Graduiertenkolleg 516
Kulturtransfer im europäischen Mittelalter

Johannes Frey

Spielräume des Erzählens. Figurenrede und Erzähltechniken im europäischen höfischen Roman

Johannes Frey Geschichten sind seit jeher zentraler Bestandteil kultureller Wissensvermittlung. Die unterschiedlichen Arten und Strukturen, in denen Menschen Geschichten erzählen, geben Aufschluss über deren Kultur, Denkweise und Weltsicht. In meiner Dissertation untersuche ich die Entwicklung des Erzählens im europäischen höfischen Roman (Iwein- und Tristan-Erzählungen) und damit die teilweise sehr verschiedenen Herangehensweisen an ein- und dieselbe Geschichte. Im Zentrum steht hierbei die Frage, ob und inwieweit die Form des Erzählens mit dem Stoff der Erzählung gewandert ist und inwiefern narrative Techniken der französischen Vorlagen von den deutschen, englischen und isländischen Wiedererzählern übernommen wurden. Das heißt: wie verändern sich Geschichten in anderen Kulturräumen, und wie verändern sich deren Erzählmuster, um fremde Geschichten erzählen zu können? Wie muss ein deutscher, und wie ein isländischer Autor seine Erzählgewohnheiten verändern, damit Sinn und Struktur einer französischen Erzählung dem Verständnishorizont des heimischen Publikums entsprechen und von diesem verstanden werden?

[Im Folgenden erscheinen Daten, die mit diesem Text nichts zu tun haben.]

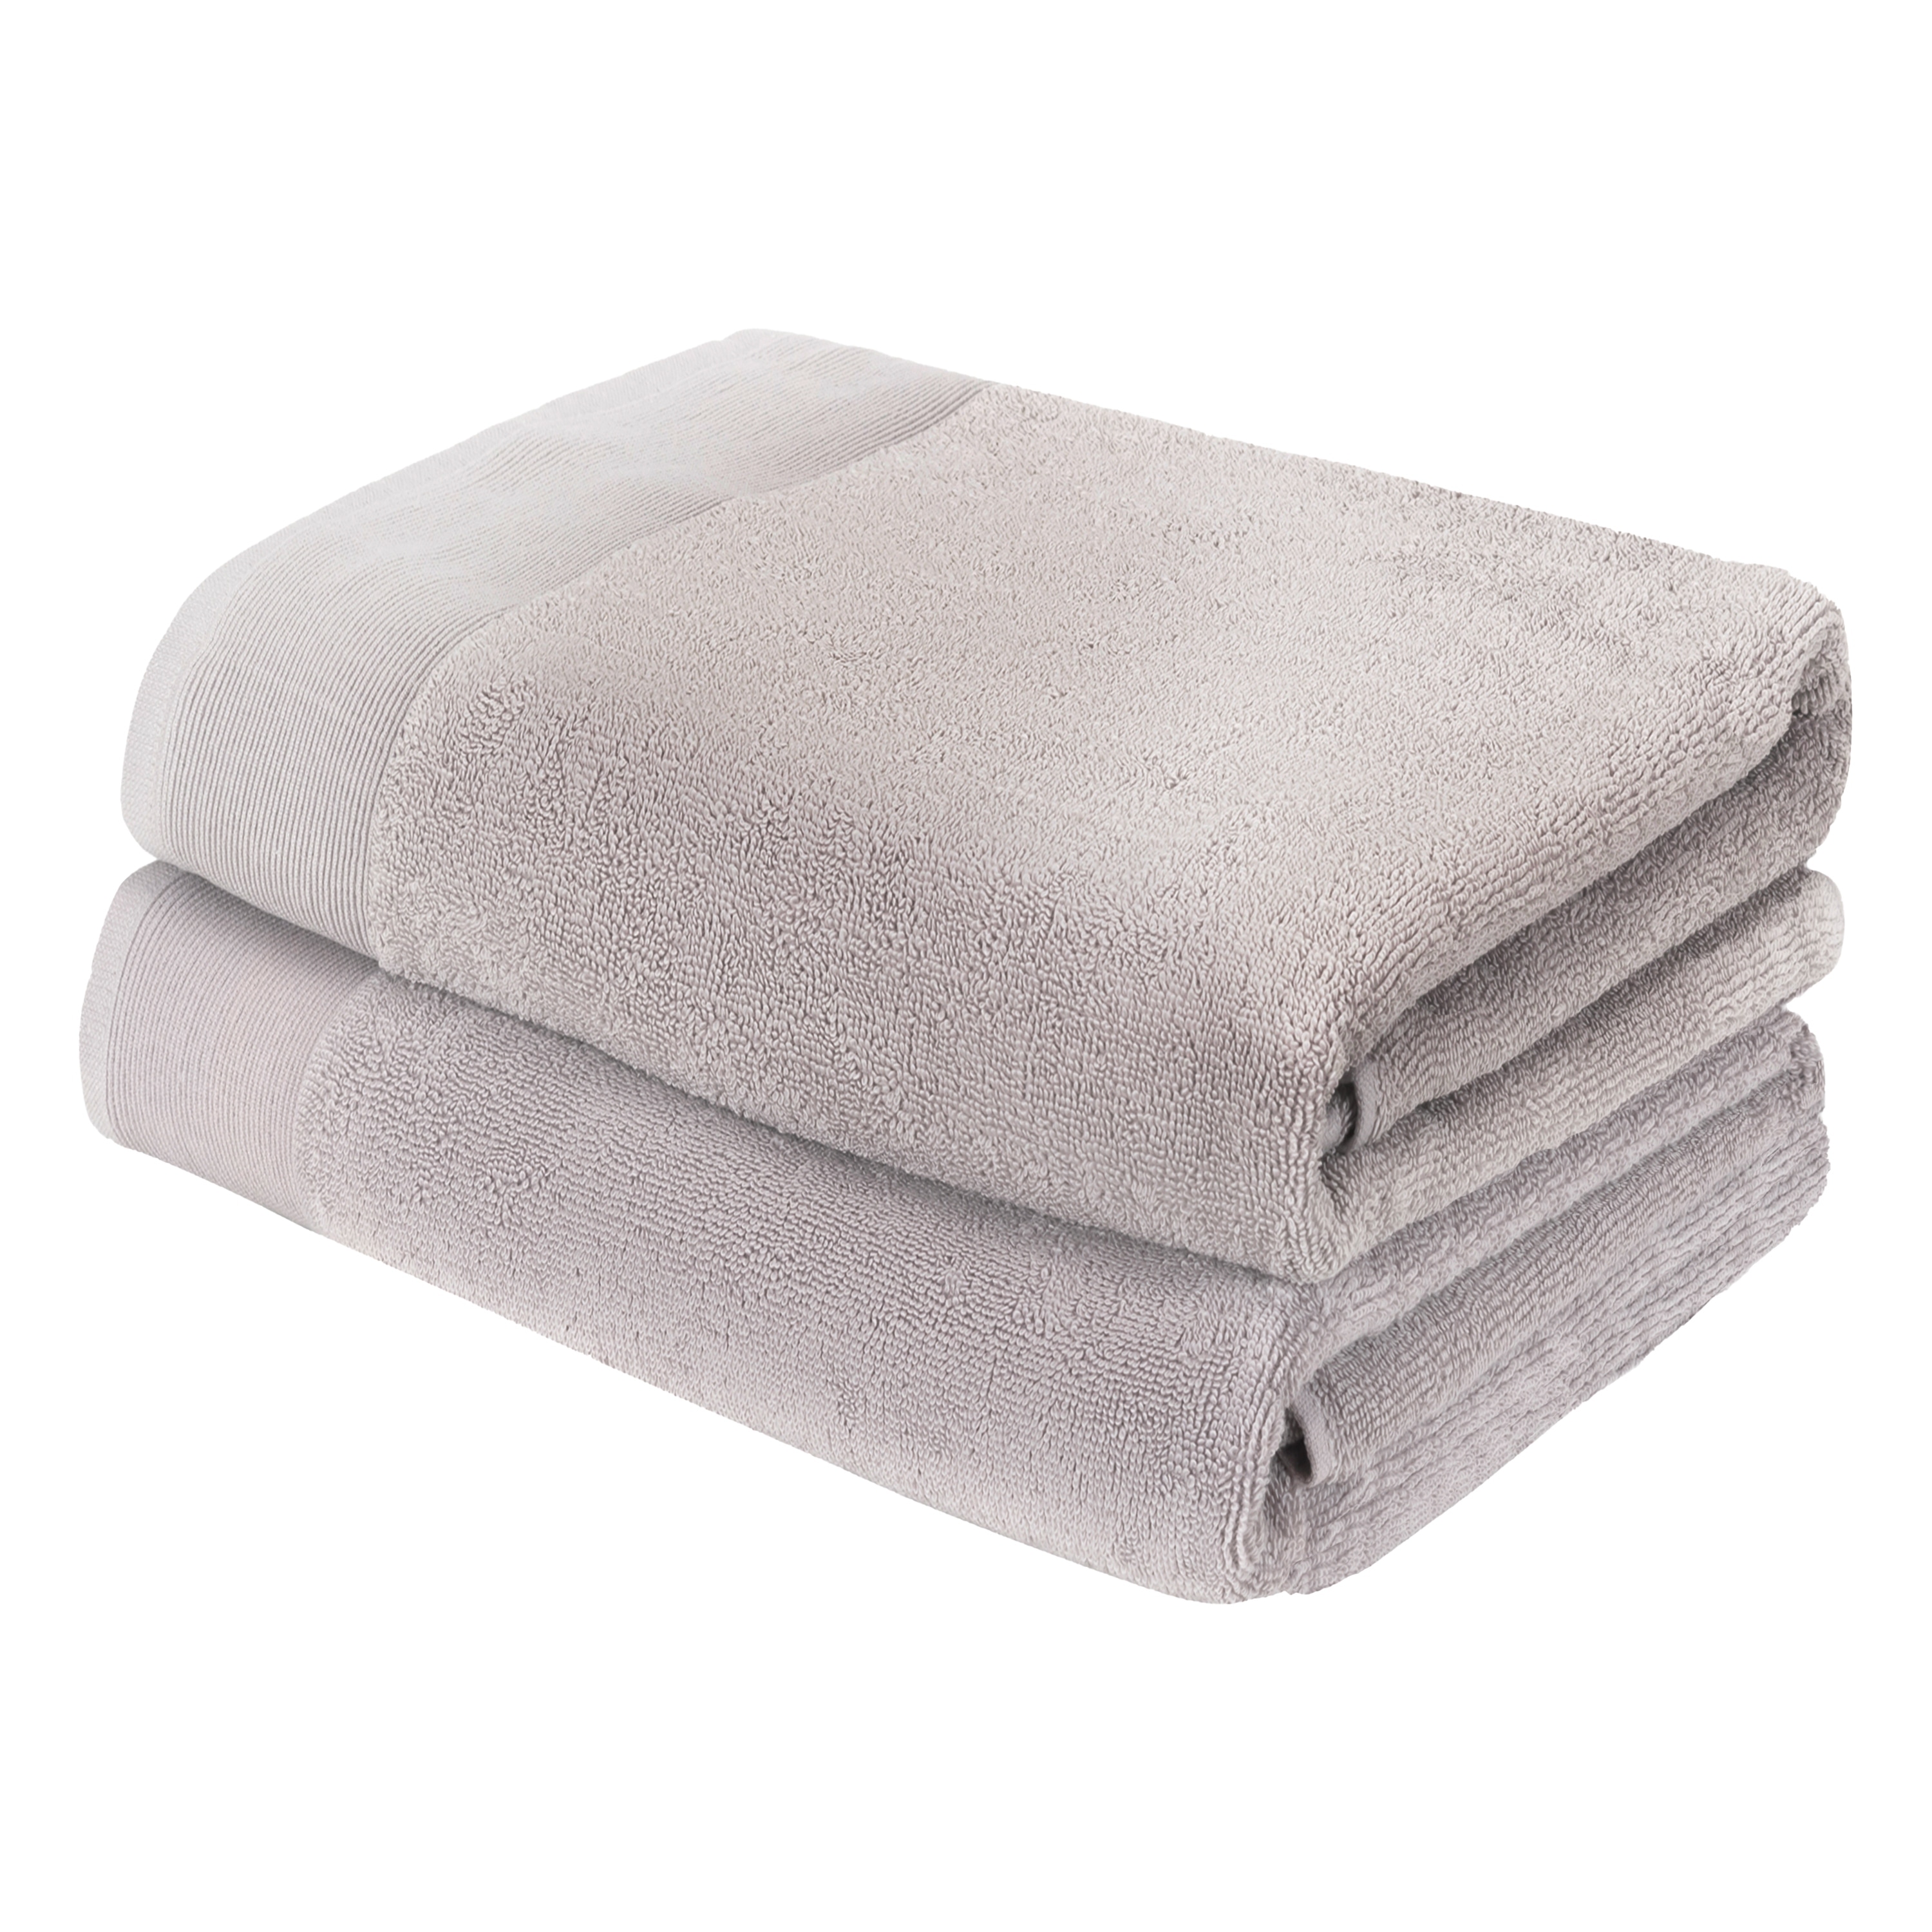  8 Piece Oversized Gray Bath Towel Set-2 Extra Large Bath Towel  Sheets,2 Hand Towels,4 Washcloths-600GSM Soft Highly Absorbent Quick Dry  Beach Chair Towels Woven Towels for Bathroom Hotel and Spa

Meine Untersuchung konzentriert sich auf die Mikrostrukturen des (Wieder-)Erzählens, insbesondere die narrativen Funktionen der Figurenrede im Textgefüge der Geschichte. Sie analysiert das narratologische Verhältnis zwischen Figurenrede und Erzählerbericht und vergleicht die Art und Weise, in der die Dichter ihre Figuren für textbedingte Zwecke (Handlungsmotivation, Textaufbau und -entwicklung) und Erzählarbeit (Beschreibungen, Erklärung sinnstiftender Hintergründe und Zusammenhänge) verwenden.

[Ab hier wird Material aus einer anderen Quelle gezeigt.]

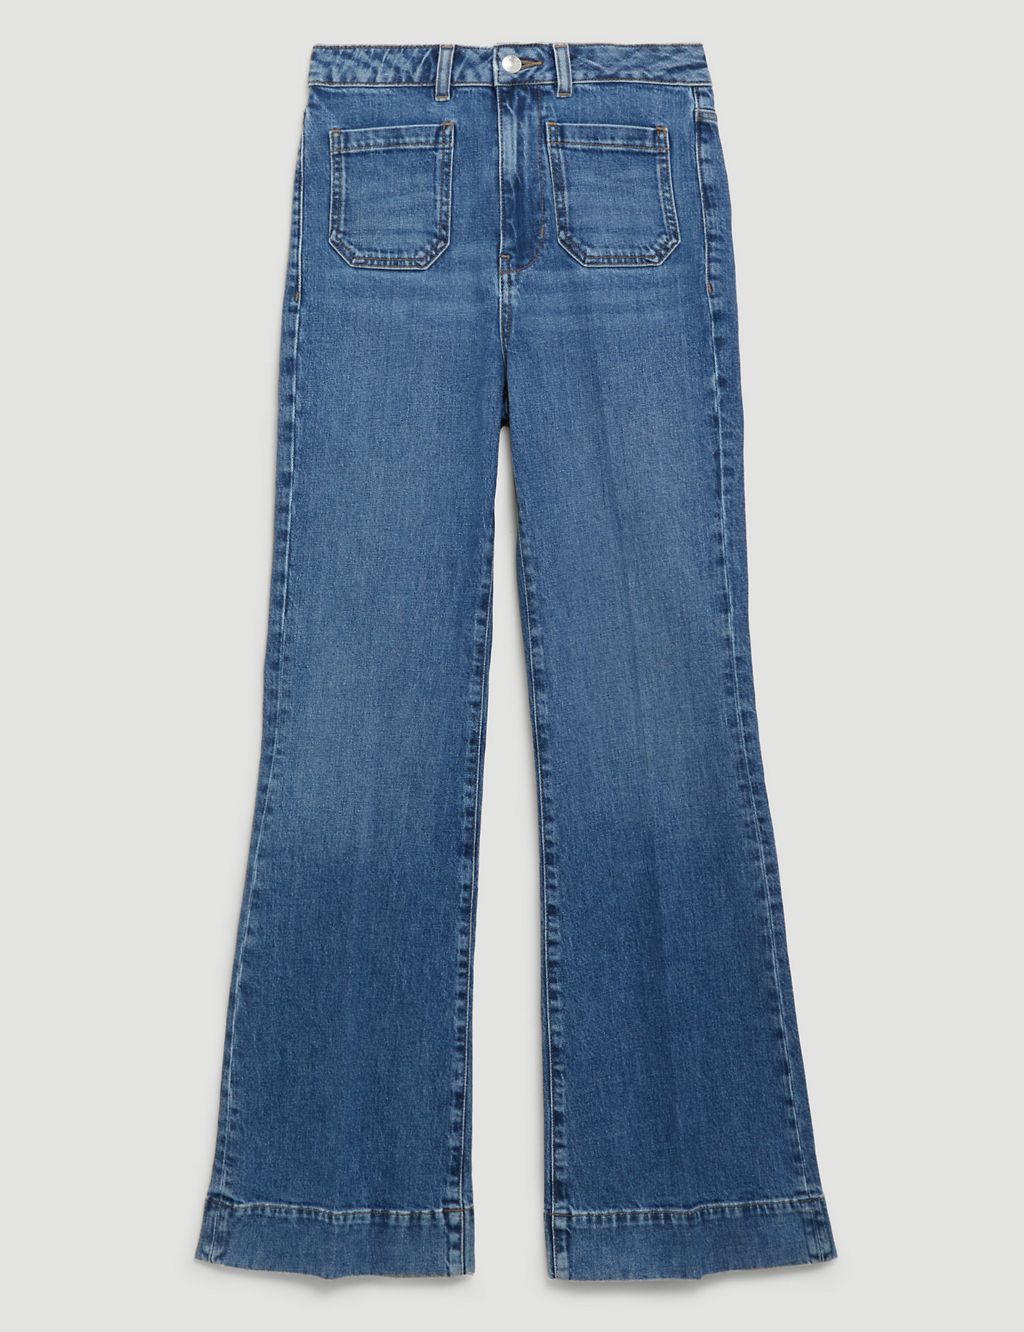 Patch Pocket Flare High Waisted Jeans 1 of 5

Einhergehend mit den unterschiedlichen Erzählzielen der Dichter zeigt sich, wie verschieden eine inhaltlich gleiche Geschichte erzählt werden kann. Dies beschränkt sich keineswegs auf offenkundige Veränderungen wie die Übersetzung der altfranzösischen Endreimpaardichtung in altnordische Prosaerzählung, sondern erstreckt sich auf den Gebrauch des Reimes (als kommentierter Übergang bei Chrétien bzw. als Zeichen des Abschlusses bei Hartmann), auf den narrativen Status der Figuren (als eigenständige Informationsvermittler bei Chrétien im Gegensatz zum alleinwissenden Erzähler bei Hartmann) oder die Verwendung bestimmter Motive und Bildlichkeiten für erzählstrategisch vollkommen unterschiedliche Ziele. Die Untersuchung wird die verschiedenen Erzählstile zunächst klar voneinander abgrenzen und dann versuchen, Gemeinsamkeiten der Erzähler eines Sprachraumes bzw. Eigenheiten des europäischen Phänomens 'Artusliteratur' zu bestimmen. Sie wird Aufschluss darüber geben, welche Erzähltechniken Hartmann von Chrétien bzw. Gottfried oder Bruder Robert von Thomas übernommen (in einigen Fällen wohl auch gelernt) haben, und wo und warum sie sich den Vorgaben der Vorlagen verweigerten.